━━━━━ RECORDS FOR THIS TASK ━━━━━

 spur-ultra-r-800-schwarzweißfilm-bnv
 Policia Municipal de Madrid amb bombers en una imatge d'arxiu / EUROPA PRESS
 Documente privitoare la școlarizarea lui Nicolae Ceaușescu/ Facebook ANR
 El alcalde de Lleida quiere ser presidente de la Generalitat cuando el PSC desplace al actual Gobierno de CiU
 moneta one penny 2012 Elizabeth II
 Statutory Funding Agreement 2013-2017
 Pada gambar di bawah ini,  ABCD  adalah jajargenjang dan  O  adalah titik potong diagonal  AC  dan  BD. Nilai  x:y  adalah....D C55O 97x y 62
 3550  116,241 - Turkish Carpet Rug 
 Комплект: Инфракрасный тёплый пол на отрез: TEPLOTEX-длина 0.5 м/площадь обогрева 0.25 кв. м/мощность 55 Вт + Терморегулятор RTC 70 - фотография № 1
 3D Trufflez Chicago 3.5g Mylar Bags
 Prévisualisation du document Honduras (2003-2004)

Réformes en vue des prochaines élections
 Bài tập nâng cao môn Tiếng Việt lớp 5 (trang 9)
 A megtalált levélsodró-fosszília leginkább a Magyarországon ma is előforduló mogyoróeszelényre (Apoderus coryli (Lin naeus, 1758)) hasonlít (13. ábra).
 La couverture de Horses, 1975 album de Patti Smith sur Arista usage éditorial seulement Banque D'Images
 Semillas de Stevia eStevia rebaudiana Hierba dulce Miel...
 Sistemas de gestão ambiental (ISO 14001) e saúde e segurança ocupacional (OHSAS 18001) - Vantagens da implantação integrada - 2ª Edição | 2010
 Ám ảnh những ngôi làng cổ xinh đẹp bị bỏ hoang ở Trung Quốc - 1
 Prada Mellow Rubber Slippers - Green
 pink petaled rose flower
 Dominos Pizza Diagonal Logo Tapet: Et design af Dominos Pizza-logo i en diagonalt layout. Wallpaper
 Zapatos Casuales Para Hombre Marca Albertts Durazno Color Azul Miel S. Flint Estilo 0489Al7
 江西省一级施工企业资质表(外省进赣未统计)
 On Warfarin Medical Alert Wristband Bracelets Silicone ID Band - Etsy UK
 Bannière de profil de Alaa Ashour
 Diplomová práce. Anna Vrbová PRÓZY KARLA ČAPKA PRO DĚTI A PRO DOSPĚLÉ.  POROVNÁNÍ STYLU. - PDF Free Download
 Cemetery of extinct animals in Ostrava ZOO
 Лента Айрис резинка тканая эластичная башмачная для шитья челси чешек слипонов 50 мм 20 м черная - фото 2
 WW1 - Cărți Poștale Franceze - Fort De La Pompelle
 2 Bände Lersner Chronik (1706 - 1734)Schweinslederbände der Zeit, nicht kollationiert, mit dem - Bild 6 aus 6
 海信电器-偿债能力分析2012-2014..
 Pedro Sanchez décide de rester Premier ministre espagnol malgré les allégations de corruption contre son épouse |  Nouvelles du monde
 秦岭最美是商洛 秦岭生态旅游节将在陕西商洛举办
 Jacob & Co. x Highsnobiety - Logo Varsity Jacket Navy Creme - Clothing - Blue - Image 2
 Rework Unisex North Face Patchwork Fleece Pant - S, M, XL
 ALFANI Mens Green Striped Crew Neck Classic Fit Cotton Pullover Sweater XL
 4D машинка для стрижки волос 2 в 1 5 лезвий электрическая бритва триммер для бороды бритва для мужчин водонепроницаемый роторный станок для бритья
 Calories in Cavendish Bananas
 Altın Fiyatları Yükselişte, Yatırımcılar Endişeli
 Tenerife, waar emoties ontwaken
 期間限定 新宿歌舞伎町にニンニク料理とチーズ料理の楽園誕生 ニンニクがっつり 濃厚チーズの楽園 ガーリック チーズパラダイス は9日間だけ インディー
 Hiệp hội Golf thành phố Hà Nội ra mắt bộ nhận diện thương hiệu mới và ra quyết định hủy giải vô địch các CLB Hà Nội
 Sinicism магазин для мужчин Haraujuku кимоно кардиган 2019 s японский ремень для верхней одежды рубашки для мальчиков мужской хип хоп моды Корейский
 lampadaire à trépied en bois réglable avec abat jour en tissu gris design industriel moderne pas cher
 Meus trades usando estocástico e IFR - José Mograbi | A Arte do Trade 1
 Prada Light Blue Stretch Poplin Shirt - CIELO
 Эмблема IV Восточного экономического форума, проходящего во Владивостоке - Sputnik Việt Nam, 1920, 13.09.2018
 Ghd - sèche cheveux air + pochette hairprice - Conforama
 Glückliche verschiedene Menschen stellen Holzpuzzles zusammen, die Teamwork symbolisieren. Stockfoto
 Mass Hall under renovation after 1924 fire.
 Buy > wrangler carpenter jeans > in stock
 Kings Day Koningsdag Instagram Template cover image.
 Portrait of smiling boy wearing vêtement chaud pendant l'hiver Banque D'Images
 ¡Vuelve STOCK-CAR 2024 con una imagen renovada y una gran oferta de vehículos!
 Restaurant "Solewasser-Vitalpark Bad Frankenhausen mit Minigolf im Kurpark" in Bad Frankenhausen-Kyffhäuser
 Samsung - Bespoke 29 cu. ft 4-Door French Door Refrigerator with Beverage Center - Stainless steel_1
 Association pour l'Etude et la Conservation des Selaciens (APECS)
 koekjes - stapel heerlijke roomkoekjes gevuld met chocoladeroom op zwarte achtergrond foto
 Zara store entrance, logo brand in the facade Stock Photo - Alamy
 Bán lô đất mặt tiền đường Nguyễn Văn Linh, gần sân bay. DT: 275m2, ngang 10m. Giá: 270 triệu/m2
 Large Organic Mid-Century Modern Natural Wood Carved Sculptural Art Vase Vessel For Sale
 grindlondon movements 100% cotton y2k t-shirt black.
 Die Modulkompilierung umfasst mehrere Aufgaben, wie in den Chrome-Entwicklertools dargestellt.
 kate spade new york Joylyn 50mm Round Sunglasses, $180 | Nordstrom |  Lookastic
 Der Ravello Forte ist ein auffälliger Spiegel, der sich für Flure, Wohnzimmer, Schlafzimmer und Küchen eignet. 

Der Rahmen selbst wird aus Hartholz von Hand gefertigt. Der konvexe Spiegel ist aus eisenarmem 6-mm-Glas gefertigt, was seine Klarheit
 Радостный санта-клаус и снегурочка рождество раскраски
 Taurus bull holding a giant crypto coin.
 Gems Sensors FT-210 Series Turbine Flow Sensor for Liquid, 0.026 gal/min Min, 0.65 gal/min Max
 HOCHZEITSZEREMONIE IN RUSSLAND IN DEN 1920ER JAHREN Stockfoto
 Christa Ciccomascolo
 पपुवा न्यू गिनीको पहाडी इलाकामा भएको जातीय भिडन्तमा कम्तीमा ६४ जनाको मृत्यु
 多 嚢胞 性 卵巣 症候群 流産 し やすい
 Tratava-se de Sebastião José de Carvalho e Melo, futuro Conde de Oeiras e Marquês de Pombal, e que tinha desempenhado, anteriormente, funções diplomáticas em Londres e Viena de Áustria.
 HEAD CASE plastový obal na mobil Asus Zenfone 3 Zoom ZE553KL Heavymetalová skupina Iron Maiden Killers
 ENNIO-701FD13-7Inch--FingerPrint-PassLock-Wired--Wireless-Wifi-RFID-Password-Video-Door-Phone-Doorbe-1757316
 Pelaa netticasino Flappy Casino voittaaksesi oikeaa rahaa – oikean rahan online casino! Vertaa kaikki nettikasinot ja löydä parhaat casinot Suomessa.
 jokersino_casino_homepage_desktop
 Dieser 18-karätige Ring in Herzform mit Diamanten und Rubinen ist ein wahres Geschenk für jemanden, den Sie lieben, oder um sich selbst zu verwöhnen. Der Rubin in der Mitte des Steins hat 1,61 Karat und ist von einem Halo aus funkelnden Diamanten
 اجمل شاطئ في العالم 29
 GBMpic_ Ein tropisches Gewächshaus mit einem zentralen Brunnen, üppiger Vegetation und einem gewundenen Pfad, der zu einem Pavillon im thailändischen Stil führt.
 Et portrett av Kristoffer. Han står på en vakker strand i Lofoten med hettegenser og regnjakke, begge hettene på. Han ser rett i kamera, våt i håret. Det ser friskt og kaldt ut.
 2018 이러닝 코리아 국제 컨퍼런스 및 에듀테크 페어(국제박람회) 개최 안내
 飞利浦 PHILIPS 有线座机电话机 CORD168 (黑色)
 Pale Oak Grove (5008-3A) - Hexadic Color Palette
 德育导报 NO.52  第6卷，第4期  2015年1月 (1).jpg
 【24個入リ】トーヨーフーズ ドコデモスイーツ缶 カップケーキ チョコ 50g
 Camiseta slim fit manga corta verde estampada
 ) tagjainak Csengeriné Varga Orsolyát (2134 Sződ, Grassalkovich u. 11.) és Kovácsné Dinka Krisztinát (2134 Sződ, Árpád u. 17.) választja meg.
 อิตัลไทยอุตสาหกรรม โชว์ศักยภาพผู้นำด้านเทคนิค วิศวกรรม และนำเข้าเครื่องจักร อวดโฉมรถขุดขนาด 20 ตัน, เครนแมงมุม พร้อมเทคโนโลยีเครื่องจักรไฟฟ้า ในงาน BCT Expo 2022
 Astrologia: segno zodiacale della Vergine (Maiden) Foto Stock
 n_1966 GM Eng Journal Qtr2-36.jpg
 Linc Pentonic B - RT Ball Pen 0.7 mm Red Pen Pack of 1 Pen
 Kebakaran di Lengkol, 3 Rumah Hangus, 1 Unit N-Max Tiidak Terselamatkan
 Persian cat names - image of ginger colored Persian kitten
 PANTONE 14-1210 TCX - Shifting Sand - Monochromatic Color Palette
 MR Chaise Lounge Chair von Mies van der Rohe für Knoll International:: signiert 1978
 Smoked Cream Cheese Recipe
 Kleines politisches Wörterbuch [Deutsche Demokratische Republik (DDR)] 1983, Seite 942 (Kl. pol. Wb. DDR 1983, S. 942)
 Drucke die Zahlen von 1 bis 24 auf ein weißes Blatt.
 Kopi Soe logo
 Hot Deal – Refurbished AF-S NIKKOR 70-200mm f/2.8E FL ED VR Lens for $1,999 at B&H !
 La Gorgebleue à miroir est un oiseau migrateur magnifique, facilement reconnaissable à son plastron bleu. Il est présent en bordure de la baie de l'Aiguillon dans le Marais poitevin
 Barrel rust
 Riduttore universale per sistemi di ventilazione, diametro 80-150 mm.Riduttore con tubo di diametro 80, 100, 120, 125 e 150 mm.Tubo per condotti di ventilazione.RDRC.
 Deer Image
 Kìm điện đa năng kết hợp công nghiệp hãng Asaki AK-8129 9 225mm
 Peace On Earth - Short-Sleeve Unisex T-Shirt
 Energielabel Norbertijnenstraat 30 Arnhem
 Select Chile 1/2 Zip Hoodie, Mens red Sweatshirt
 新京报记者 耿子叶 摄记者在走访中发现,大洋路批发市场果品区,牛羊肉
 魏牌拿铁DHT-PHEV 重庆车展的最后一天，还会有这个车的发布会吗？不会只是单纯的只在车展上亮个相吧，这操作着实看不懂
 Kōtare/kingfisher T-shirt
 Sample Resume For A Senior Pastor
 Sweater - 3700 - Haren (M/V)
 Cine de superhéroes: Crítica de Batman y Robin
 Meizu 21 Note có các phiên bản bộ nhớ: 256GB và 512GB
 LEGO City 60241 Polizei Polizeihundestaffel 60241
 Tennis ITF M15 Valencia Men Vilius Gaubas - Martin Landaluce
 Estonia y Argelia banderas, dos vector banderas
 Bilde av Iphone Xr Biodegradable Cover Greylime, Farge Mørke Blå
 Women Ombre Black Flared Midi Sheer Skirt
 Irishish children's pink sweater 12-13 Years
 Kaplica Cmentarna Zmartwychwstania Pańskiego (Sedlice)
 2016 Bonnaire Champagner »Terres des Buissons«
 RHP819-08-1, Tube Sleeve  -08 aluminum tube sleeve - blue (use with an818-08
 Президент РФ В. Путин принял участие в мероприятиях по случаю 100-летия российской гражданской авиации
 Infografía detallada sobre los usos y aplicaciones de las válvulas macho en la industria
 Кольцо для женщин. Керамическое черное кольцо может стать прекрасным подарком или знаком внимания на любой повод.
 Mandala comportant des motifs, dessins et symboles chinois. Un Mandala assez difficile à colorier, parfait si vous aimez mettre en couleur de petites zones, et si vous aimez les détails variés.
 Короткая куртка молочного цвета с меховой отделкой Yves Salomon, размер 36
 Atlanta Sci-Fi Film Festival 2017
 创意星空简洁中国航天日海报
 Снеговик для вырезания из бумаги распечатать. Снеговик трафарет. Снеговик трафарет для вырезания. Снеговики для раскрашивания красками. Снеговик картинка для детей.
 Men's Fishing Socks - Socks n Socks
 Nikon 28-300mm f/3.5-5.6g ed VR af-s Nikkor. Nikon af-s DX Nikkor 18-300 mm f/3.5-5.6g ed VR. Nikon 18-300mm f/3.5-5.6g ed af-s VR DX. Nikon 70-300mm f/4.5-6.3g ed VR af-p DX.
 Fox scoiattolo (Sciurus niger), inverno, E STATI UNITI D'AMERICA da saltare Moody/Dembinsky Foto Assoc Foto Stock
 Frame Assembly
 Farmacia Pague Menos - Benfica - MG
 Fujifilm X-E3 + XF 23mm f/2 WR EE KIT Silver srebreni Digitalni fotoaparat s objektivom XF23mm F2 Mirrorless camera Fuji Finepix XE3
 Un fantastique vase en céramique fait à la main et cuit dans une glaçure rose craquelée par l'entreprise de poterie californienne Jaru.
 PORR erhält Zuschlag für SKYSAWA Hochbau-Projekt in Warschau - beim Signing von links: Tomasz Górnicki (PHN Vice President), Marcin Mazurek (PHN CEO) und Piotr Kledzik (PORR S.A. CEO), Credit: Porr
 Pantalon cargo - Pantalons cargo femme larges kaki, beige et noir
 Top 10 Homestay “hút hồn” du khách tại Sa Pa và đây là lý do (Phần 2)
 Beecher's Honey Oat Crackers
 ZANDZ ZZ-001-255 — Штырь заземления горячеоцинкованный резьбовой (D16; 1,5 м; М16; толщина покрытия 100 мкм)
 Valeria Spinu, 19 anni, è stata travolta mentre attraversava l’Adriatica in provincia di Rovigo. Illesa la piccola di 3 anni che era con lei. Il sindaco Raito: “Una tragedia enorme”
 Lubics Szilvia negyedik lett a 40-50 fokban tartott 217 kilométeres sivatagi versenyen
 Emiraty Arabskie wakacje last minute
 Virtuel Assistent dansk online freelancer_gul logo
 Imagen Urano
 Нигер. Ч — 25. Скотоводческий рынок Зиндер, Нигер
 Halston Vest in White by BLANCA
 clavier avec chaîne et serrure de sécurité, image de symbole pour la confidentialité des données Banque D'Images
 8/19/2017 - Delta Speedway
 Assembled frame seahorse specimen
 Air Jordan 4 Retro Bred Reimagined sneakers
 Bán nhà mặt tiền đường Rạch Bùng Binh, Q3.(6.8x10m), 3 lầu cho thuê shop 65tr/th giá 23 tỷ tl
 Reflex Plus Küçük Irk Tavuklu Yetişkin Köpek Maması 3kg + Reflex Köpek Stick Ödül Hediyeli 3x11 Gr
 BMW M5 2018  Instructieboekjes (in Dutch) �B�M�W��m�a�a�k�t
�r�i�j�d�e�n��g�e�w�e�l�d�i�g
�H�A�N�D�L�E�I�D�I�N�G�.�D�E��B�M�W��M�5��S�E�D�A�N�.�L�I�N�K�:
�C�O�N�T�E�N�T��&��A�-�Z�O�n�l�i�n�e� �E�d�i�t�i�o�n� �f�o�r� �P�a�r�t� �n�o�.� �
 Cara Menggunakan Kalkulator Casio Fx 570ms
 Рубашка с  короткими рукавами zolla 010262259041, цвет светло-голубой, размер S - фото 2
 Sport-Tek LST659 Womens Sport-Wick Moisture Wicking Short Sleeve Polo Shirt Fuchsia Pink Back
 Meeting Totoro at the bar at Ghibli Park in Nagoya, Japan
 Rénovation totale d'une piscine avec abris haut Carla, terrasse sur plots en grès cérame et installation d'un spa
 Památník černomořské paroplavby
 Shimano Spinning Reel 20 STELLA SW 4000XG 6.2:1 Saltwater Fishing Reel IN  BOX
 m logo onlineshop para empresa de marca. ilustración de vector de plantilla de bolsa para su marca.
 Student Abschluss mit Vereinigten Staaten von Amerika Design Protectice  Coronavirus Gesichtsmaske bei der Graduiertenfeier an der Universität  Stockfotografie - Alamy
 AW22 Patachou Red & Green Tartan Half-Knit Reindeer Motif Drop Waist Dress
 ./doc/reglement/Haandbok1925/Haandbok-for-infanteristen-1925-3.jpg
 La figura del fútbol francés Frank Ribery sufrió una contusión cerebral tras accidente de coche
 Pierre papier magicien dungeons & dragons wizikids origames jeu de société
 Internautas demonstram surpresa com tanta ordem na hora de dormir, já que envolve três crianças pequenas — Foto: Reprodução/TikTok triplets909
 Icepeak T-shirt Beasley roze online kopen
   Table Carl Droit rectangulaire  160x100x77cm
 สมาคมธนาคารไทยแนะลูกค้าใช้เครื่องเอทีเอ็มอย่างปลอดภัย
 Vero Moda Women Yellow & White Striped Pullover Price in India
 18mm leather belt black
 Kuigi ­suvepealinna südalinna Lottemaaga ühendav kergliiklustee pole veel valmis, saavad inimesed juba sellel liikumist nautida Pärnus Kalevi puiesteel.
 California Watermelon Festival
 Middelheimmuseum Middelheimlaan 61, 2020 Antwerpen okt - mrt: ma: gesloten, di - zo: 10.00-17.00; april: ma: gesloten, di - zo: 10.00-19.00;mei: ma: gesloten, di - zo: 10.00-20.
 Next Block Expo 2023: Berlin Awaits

━━━━━

Your answer must be the data above, copied exactly from its first line through the line containing "Statutory Funding Agreement 2013-2017", and nothing more.

# YOUR RESPONSE
 spur-ultra-r-800-schwarzweißfilm-bnv
 Policia Municipal de Madrid amb bombers en una imatge d'arxiu / EUROPA PRESS
 Documente privitoare la școlarizarea lui Nicolae Ceaușescu/ Facebook ANR
 El alcalde de Lleida quiere ser presidente de la Generalitat cuando el PSC desplace al actual Gobierno de CiU
 moneta one penny 2012 Elizabeth II
 Statutory Funding Agreement 2013-2017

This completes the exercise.